What is being asked: Your reply should consist only of the lines from the one holding "#Galleryinblue #BleuBlanc #Vases" to the last line of the data below, written out exactly and without pictures.

Input data:
:::

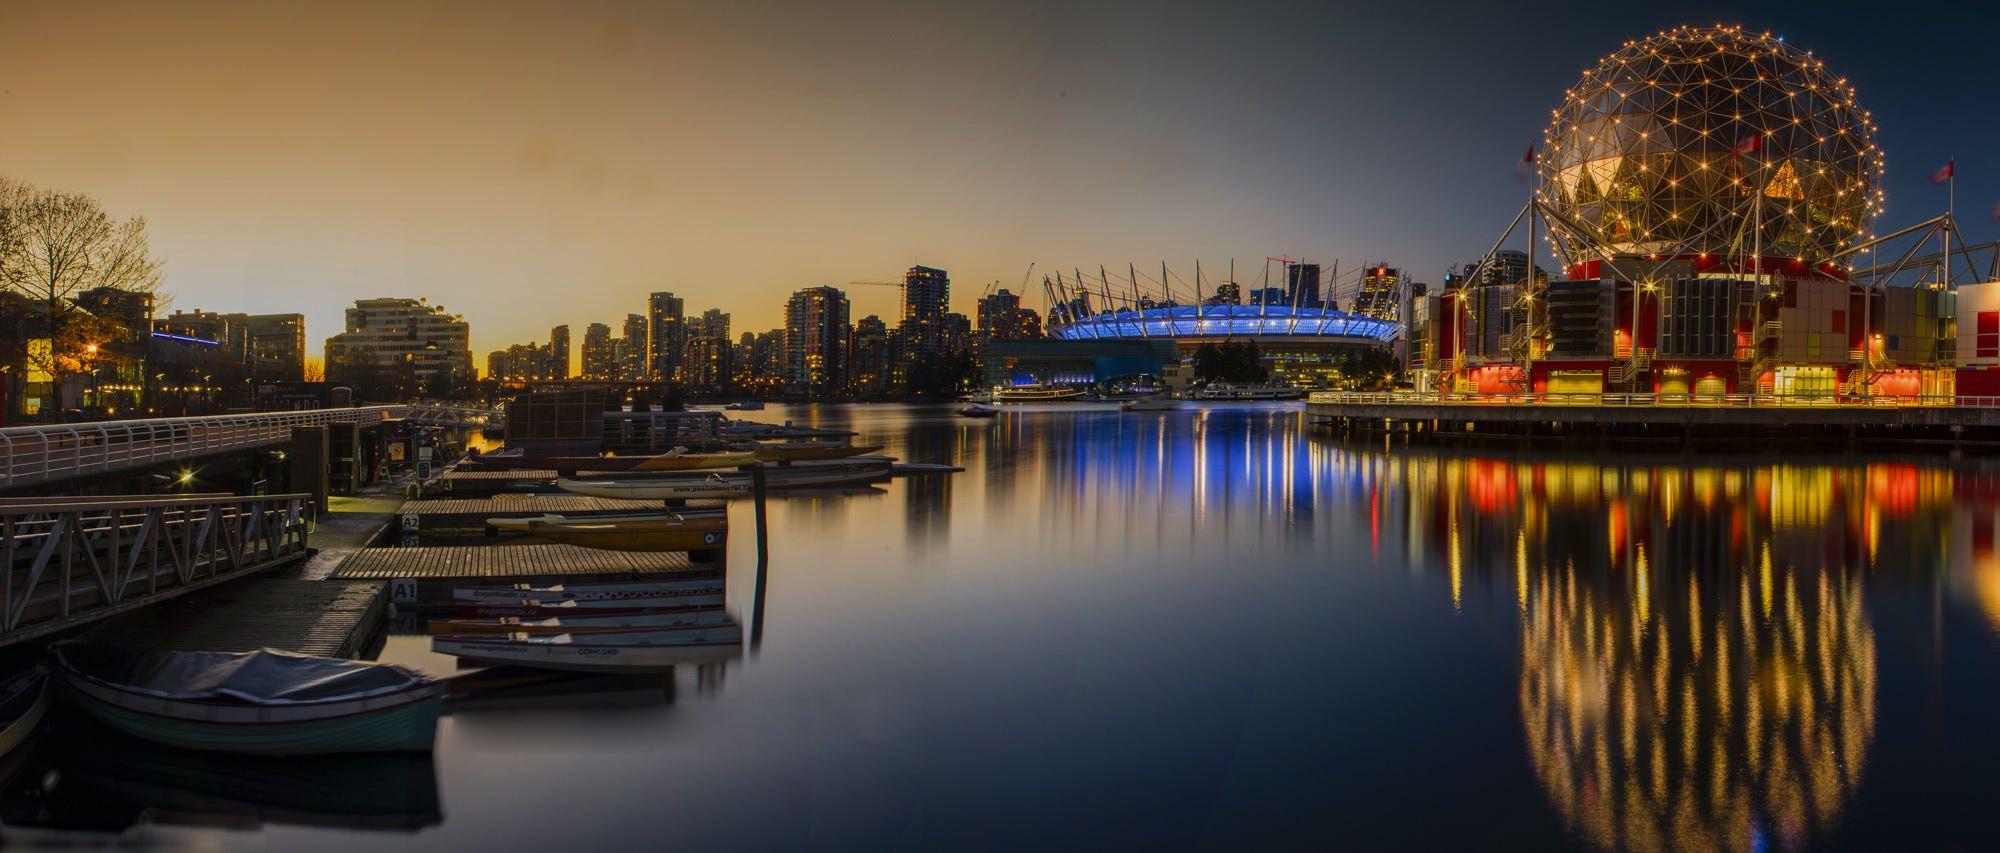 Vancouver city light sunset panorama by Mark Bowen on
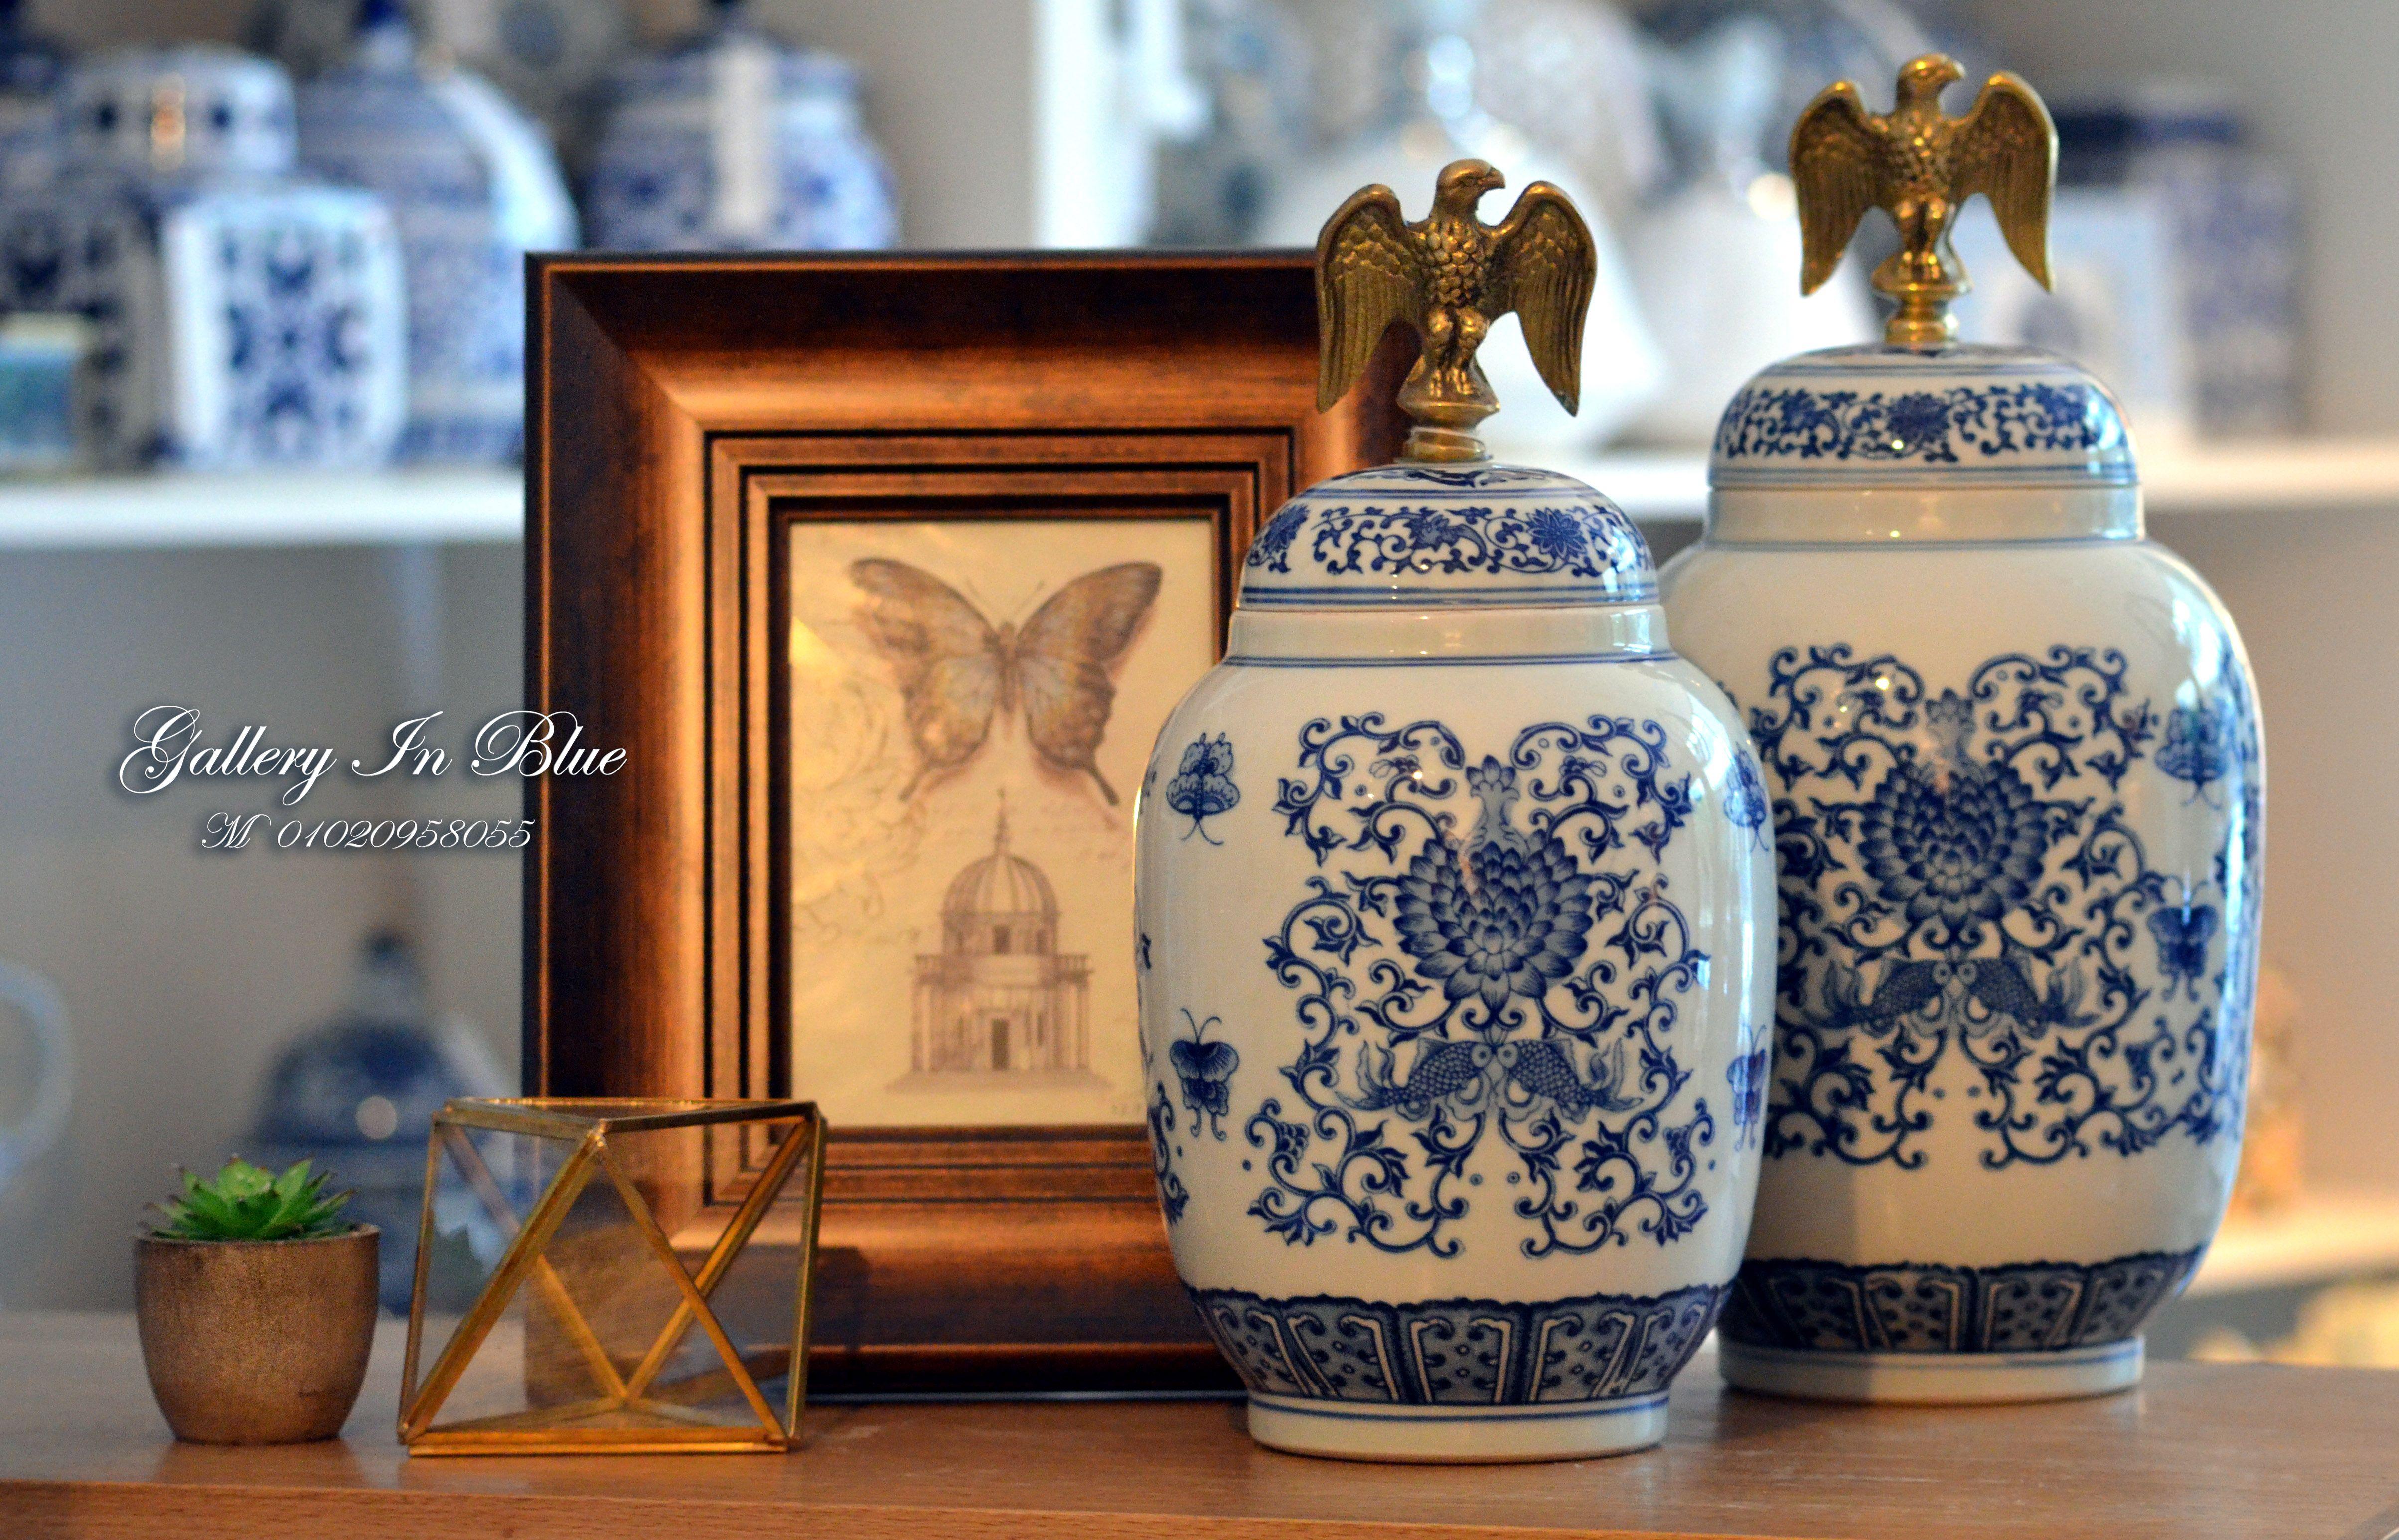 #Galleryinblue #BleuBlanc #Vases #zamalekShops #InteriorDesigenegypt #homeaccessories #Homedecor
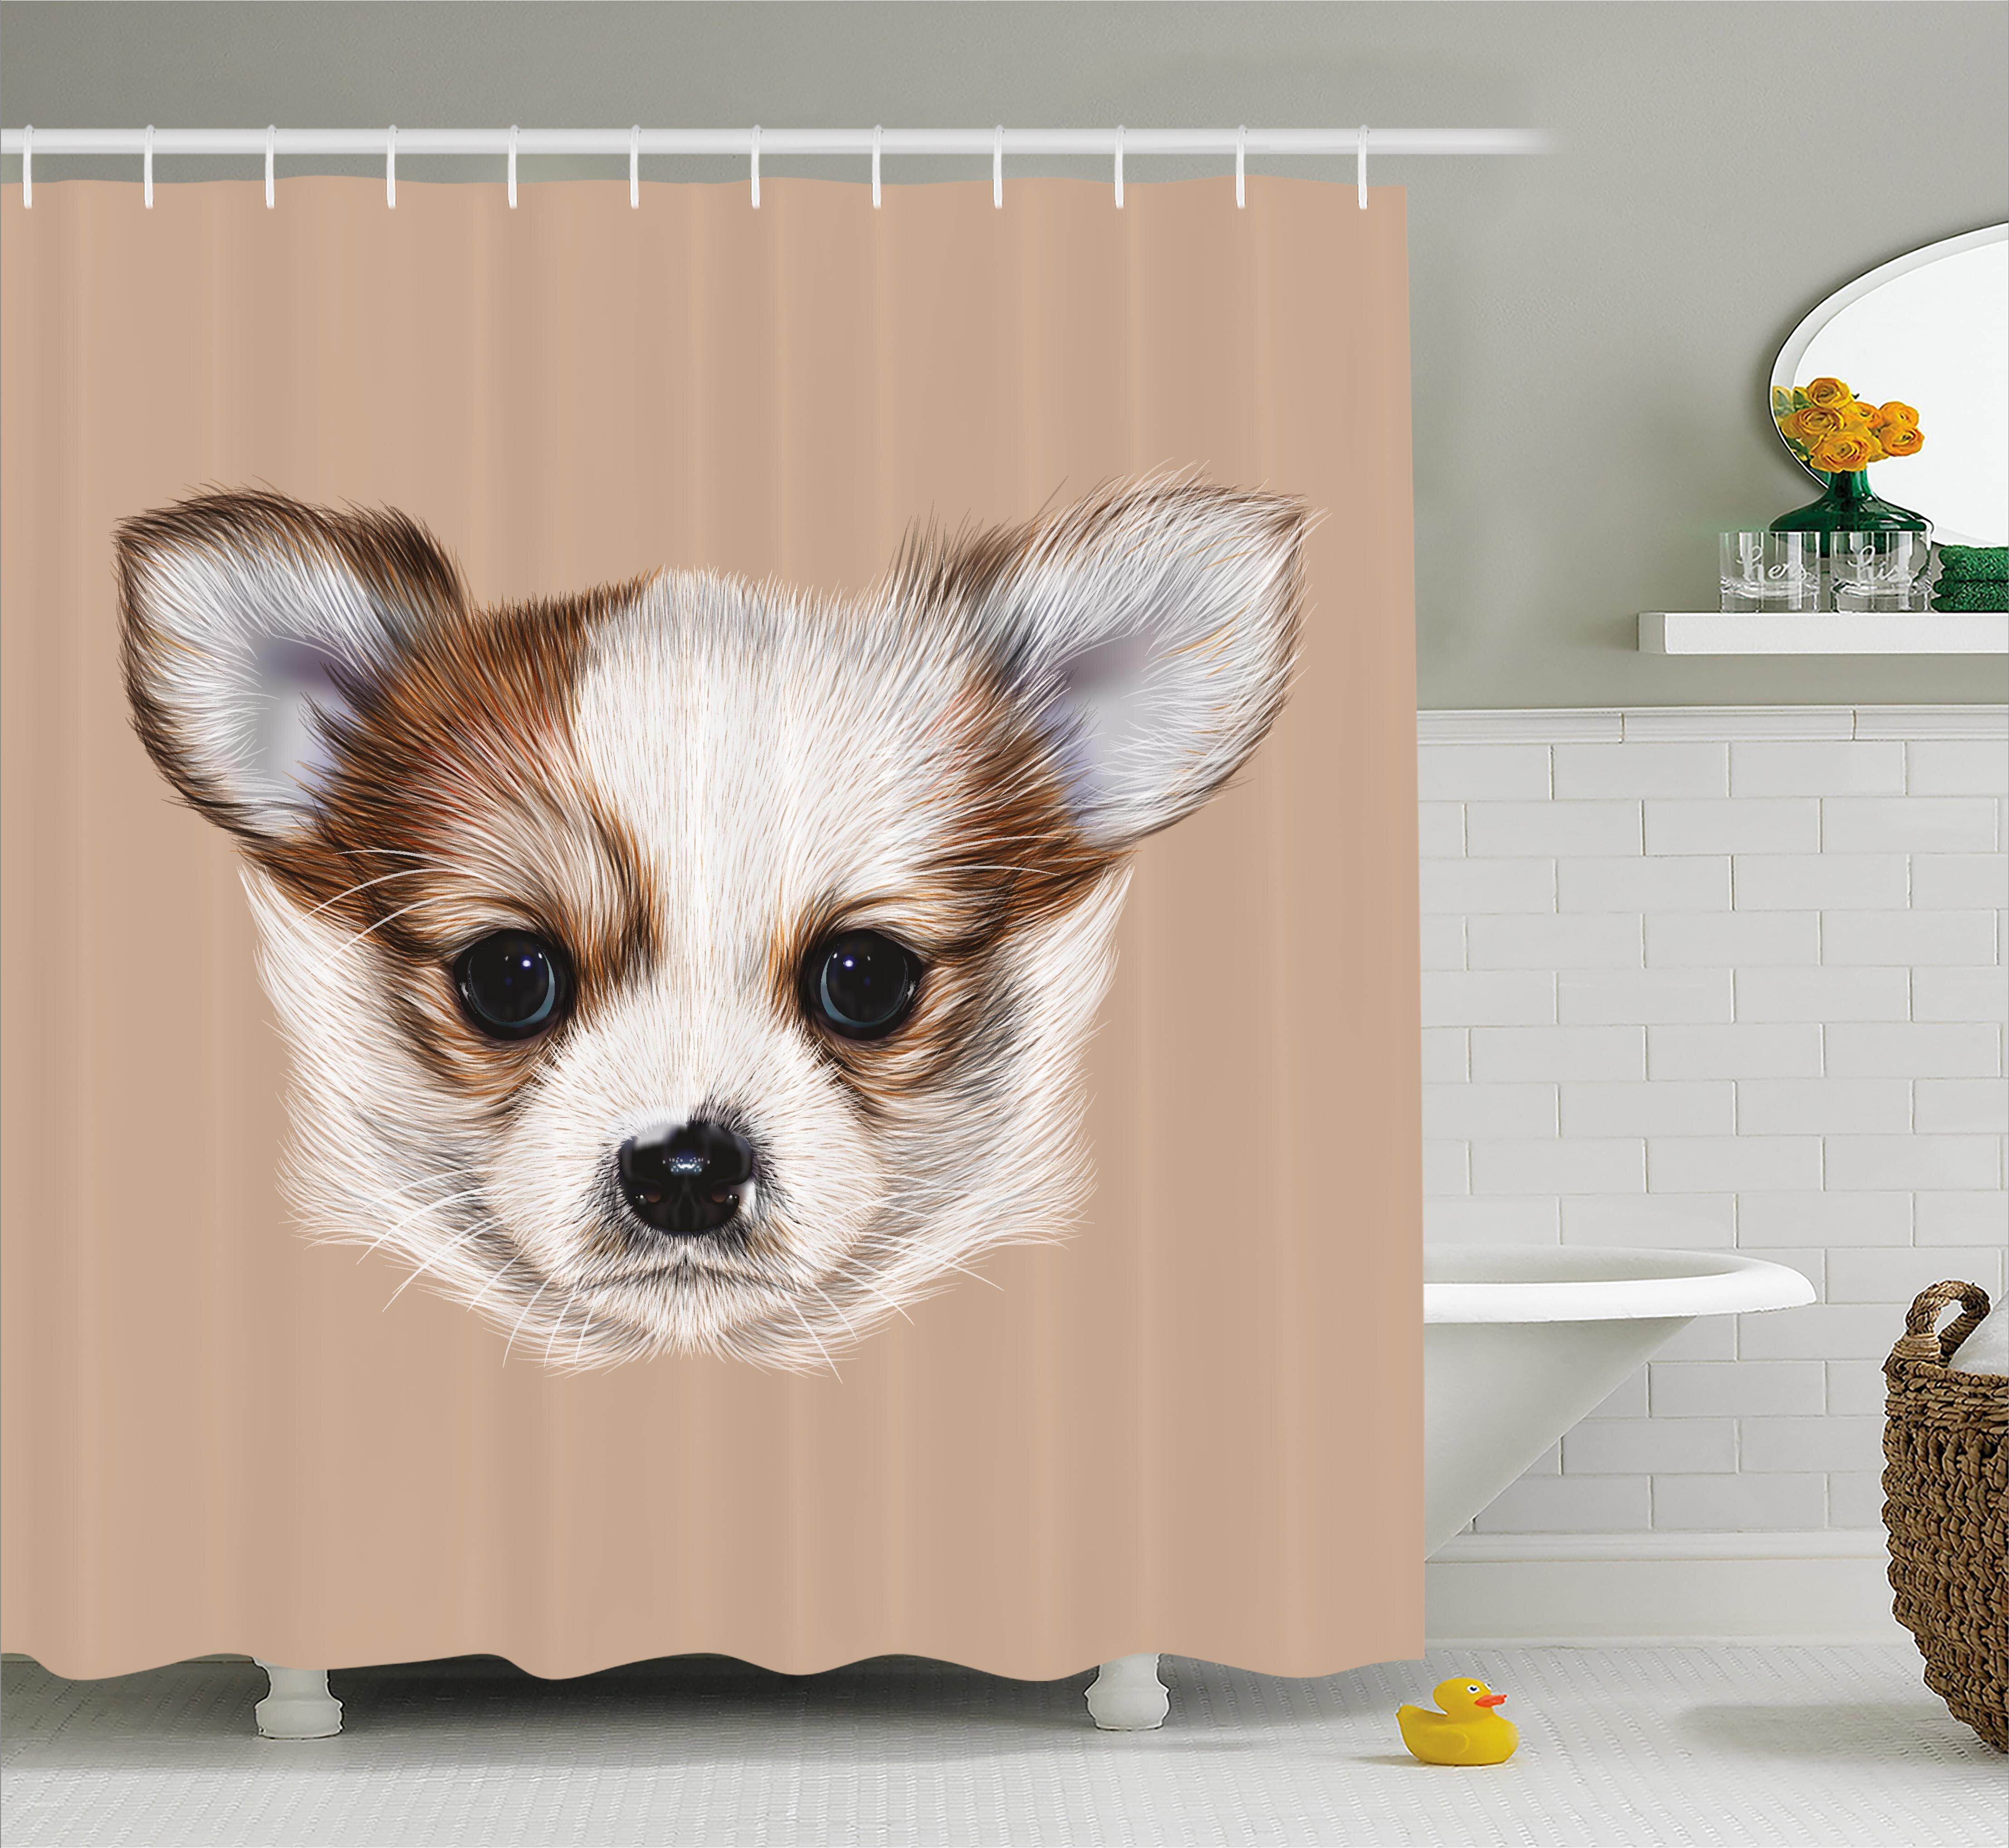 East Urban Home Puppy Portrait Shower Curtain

:::

Output below:
 #Galleryinblue #BleuBlanc #Vases #zamalekShops #InteriorDesigenegypt #homeaccessories #Homedecor
 East Urban Home Puppy Portrait Shower Curtain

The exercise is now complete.